Research over the past few years has identified many of the genes with the strongest effects, but other genes with important roles are overlooked because they may produce weaker or ambiguous signals in the large-scale studies.

"Our pathway-based approach aggregates information from multiple sources to detect modest effects from genes associated with each other," said study leader Hakon Hakonarson, MD, PhD, director of the Center for Applied Genomics at Children's Hospital of Philadelphia.

Currently the workhorse of gene hunting is genome-wide association (GWA), which uses automated analytic equipment to sweep through the full range of all 23 human chromosomes and detect the most significant gene variants associated with a given disease. Those variants, each a change in a single DNA base, are called single nucleotide polymorphisms (SNPs).

However, individual GWA studies often do not have the statistical power to detect subtle but important variants that are involved in disease development. By using an algorithm developed by Kai Wang, PhD, also at the Center for Applied Genomics, Hakonarson's study team created a pathway-based approach that seeks out interacting or related genes along the same biological pathway.

That pathway, the interleukin 12/interleukin 23 (IL12/IL23) pathway, governs cell receptors involved in the development of Crohn's disease. Previous work by other researchers has shown that monoclonal antibodies blocking the IL12 or IL23 receptor show some clinical success in treating Crohn's disease.

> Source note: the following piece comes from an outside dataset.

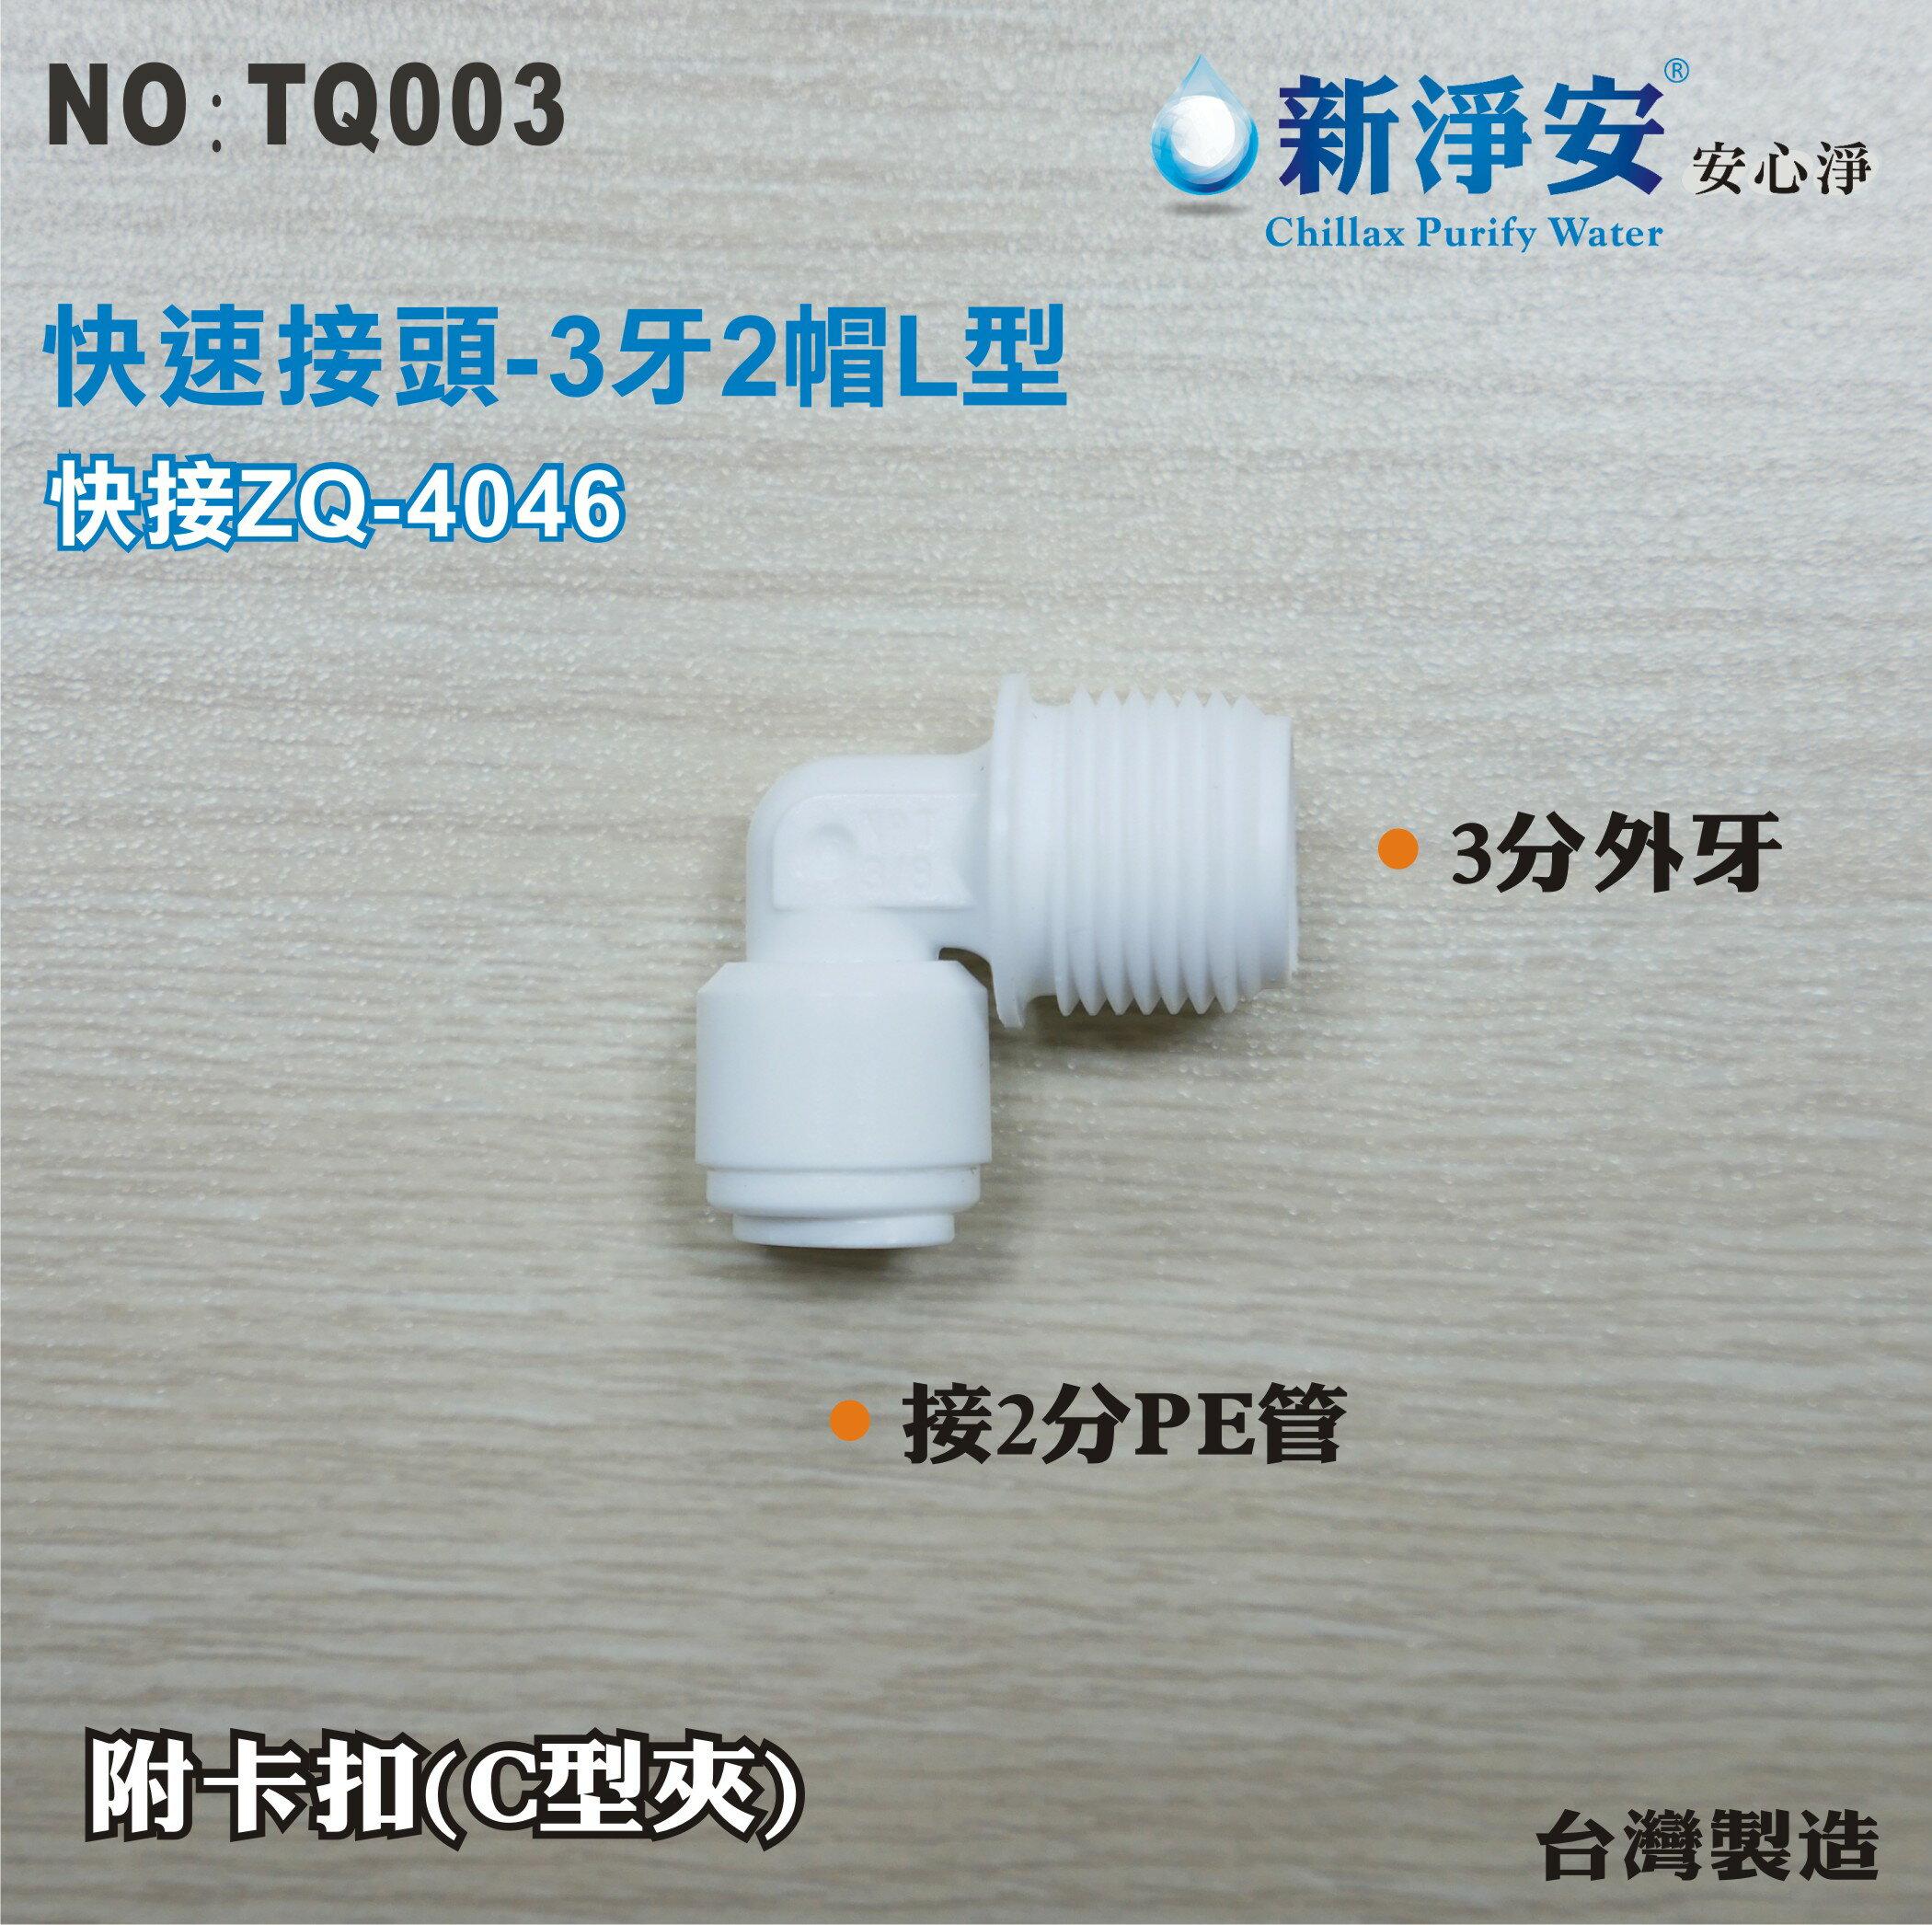 ◆開店慶衝評價◆【新裕淨水】ZQ-4046 塑膠快速接頭 3分牙接2分管L型接頭 3牙2帽L型 淨水器用(TQ003)

"As we better understand the gene pathways operating in Crohn's disease, we are uncovering more potential targets for effective drug treatments," said pediatric gastroenterologist Robert Baldassano, MD, a study co-author and the director of the Center for Pediatric Inflammatory Bowel Disease at Children's Hospital. He added that developing targeted therapies based on gene pathways might allow doctors to tailor treatments to a patient's genetic profile.

The study team initially analyzed DNA from 1,758 patients with Crohn's disease and 1,480 control subjects, all of European ancestry. They were able to replicate their results in three additional groups that included patients of both European and African American ancestry. Their study was the first to use a pathway-based approach to analyze GWA without deciding beforehand to concentrate on a specific pathway.

The researchers said the emerging gene data may open the doors to more effective treatments. "Blocking cell receptors at some points on a biological pathway may produce clinical improvements but with side effects to the immune system," said Baldassano. "If we can block other molecules further downstream on a pathway, we may achieve better treatments that may be more specific to an individual patient with fewer side effects."

Funding for the study came from the National Center for Research Resources of the National Institutes of Health, the Primary Children's Medical Center Foundation and from an Institute Development Award from the Children's Hospital of Philadelphia.

Wang K. Amer J Human Genetics. 2009;84;1-7.